The modern tendency appears to be to use high voltage air break contactors up to 6.6 kV where any sort of frequent duty, or inching, plugging, reversing and complex interlocking is involved and where ease of inspection and maintenance and a reduction of outage time is important. A kiln drive is a typical example of where the use of such control gear is advantageous, and Fig. 1 shows a high tension air-break contactor control panel controlling a variable speed AC. type NS motor, for a kiln drive being currently supplied to a modern cement works in the Republic.
The author mentions the use of gamma-ray level control. This is known to be expensive but has the advantage of long life and there are no probes to be damaged by the material. What is the author's experience of this type of equipment compared with, say, the capacitance probe method?
The author has mentioned pressurised rooms for housing main mill drives and control equipment. Is it considered essential that nearly all motor control equipment and relay gear should be housed in such centralized pressurized rooms from where the feed is taken to the motors or other apparatus? This is one solution where bad environmental conditions prevail. The use of control panels with heavily gasket doors (often double doors) and other special constructional features, has been reported to in the past, but it is amazing how fine dust gets in even in these cases. In any case, you have to open up the doors for maintenance purposes.
The use of static switching devices has been mentioned. Would the author say that the desirable aim for the modern cement works is to eliminate all control equipment auxiliary contacts and relays and to use static components instead? Most static systems appear to employ plug-in units or modules. There is good reason to believe that the plugs and sockets themselves form the weak link in the chain and that modules, as shown in the photograph (Fig. 2), are the better proposition, to give maximum reliability. Fig. 3 illustrates an application of this type of gear.

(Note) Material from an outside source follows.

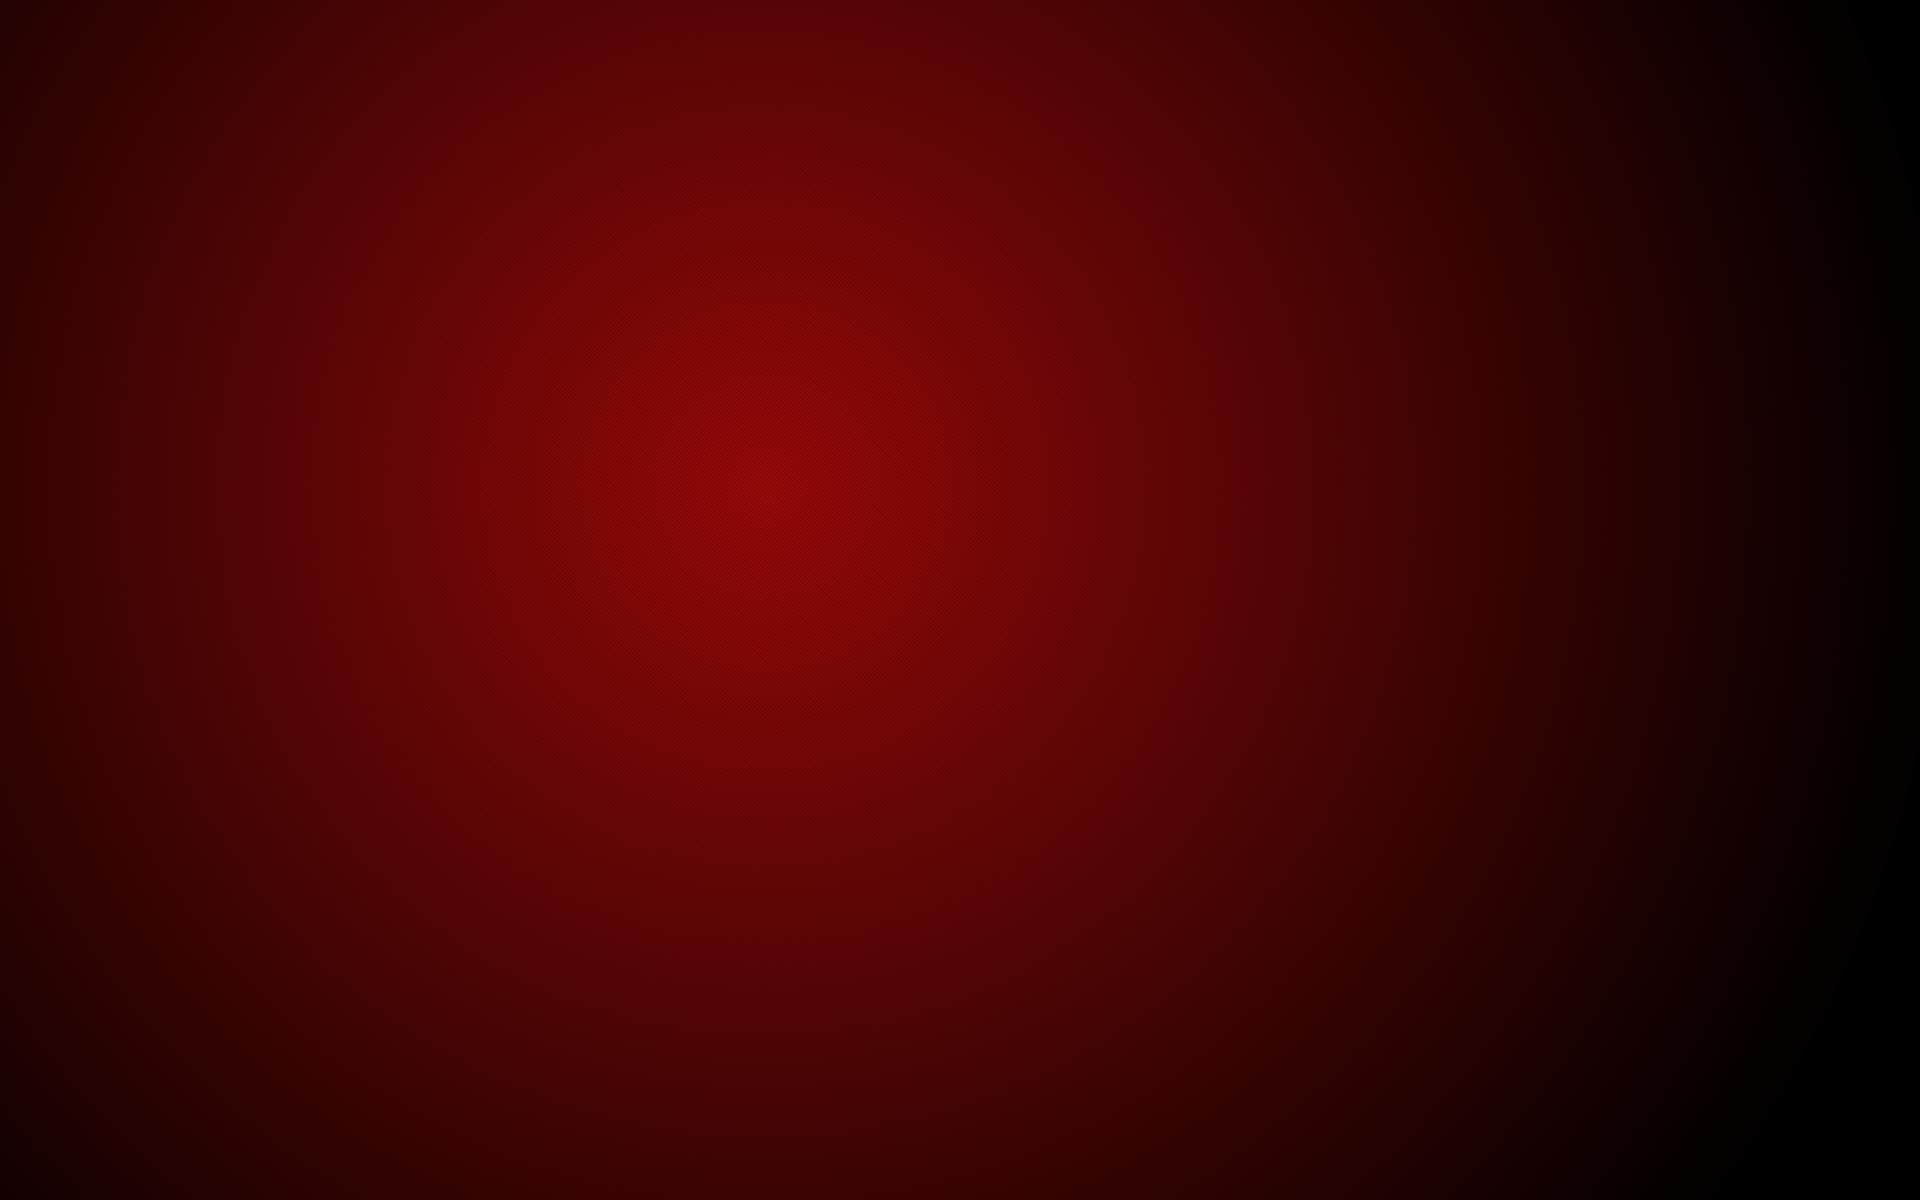 Plain Red Background – phebus

AUTHOR'S REPLY TO DISCUSSION
Mr A. Grant (Visitor):
In reply to Mr A. Simpson:
As mentioned, rubber tyred units were selected by the shallow deposits and the consequent fast receding faces. Furthermore, due to the variation in the quality of the deposits, two faces are usually worked simultaneously to affect the initial blending of materials at the quarry, which, in effect, is the selective quarrying referred to by Mr Simpson.

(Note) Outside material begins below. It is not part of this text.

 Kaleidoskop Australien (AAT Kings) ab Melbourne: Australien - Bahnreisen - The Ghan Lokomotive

The quality analysis of materials by conventional methods is cumbersome and slow, and tests conducted with the X-ray spectrometer have been most encouraging, both about accuracy and speed.

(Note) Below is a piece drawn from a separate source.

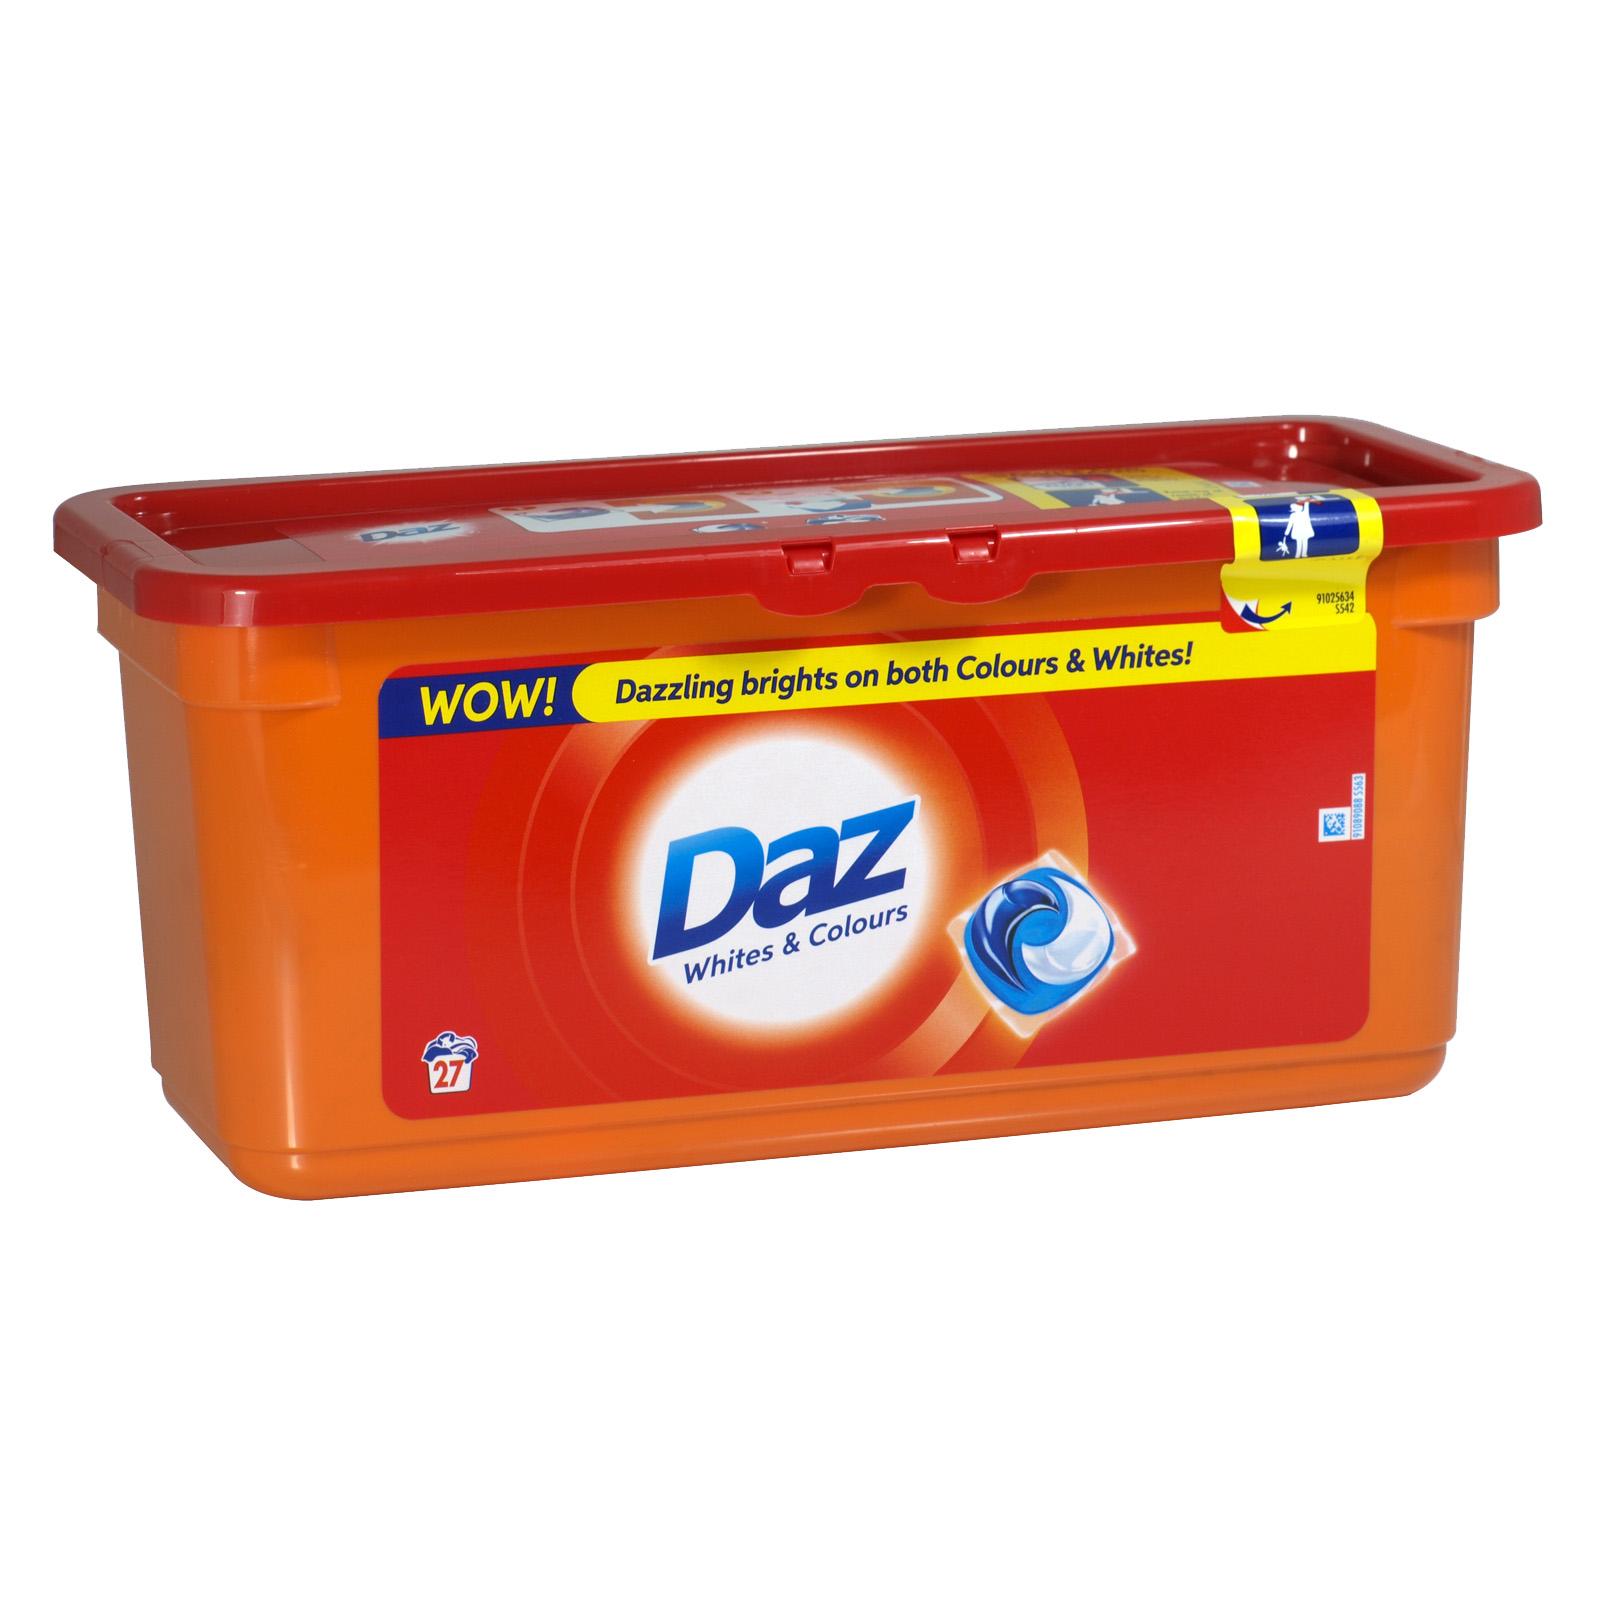 DAZ GO PODS 27 WASH 3 IN 1 WHITES & COLOURS X3

Primary crushed materials, i.e. minus 5 in, which proved less prone to arching when damp than the finer crushed materials, are extracted from the r.aw material store. The improved methods of extraction developed for fine materials may have merit, but from the author's experience these become too complicated to be entirely effective, and the simplified method described in the hypothetical case is regarded as more trouble-free and reliable in practice.
The comparison of the two different duties of the gyratory crushers described by Mr Simpson, and the reference to wearing and replacements, was most interesting. The selection of the impact breakers for the final crushing of non-abrasive materials was three-fold. Firstly, the wear in the breakers is small, and when replacements are required, it is comparatively easy and inexpensive. Secondly, the breaker gives a better size reduction, and thirdly, less headroom and floor area are required for this installation.
With the advent of the larger diameter mills, the duties imposed on the primary milling compartments with their large-sized grinding media, become demanding indeed, and only the best and consistent quality liners can meet the economic life expectancy. It is the author's experience that in the larger mills the physical properties of cast alloy steel liners must be consistent. Given the difficulty in ensuring the consistency of the quality of the liners required, rolled steel liners were found to be more reliable in practice.
The necessity of producing two types of clinker for ordinary and special cement is greatly influenced by the quality of raw materials available, and for special cement, it may be necessary to add materials which are not necessary for ordinary cement clinker.
With the relative cheapness of our coals, the emphasis is more on centralization of equipment and simplicity, rather than on heat conservation, hence the decision not to use waste kiln gases for drying of raw materials before milling. With the average moisture content of the raw materials only being of the order of 2? per cent to 3 per cent, the complications of using waste gases are not justified.
The scanning device described has proven its usefulness. The warning temperature could be selected to suit the plant, which will vary- between different types of installations. In all cases, however, it will be in the black heat range, and to detect deterioration of coating and/or lining before it is visible on the shell. is already a decided advantage. It is, of course. possible to link the kiln drive with the scanner and to vary kiln speed to assist coating build-up in the affected area. In the same way, air valves in a common duct with a series of outlets along the length of the burning zone could be actuated by signals from the scanner and thereby cooling the sections of the shell reaching high temperatures. Portable air fans are being used in conjunction with scanners by the author's company, and although probably premature, kiln shell temperature control has been most encouraging with the desired effect on refractory life expectancy.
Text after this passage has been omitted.